**STUDY MATERIAL**:
++++++++
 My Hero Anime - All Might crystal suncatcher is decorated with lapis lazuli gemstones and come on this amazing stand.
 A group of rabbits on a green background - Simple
++++++++
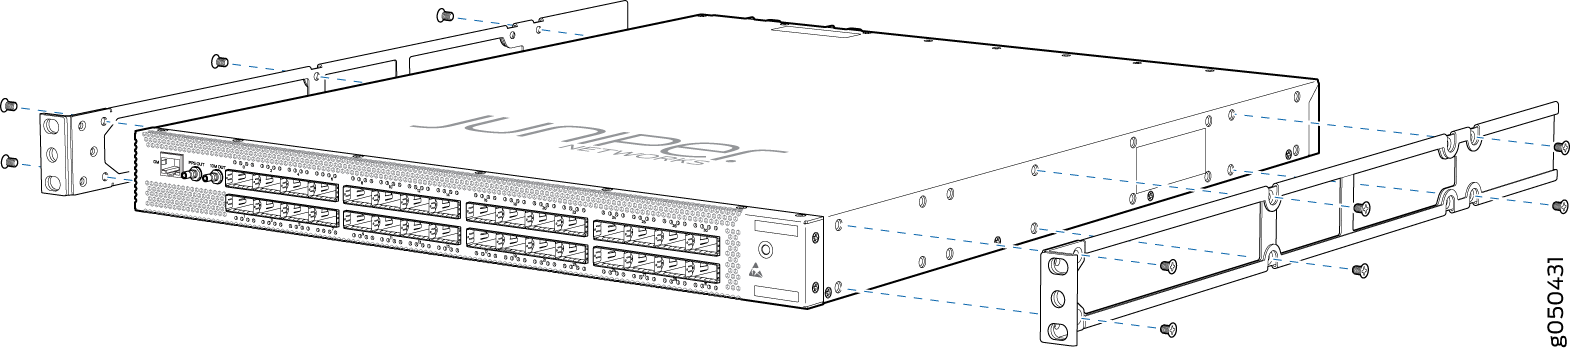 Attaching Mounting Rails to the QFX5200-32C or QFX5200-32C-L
++++++++
**EXERCISE INSTRUCTIONS**: Retype the entries above exactly, but only from the line containing "My Hero Anime" through the line containing "A group of rabbits", both included.

**RESPONSE BELOW**:
 My Hero Anime - All Might crystal suncatcher is decorated with lapis lazuli gemstones and come on this amazing stand.
 A group of rabbits on a green background - Simple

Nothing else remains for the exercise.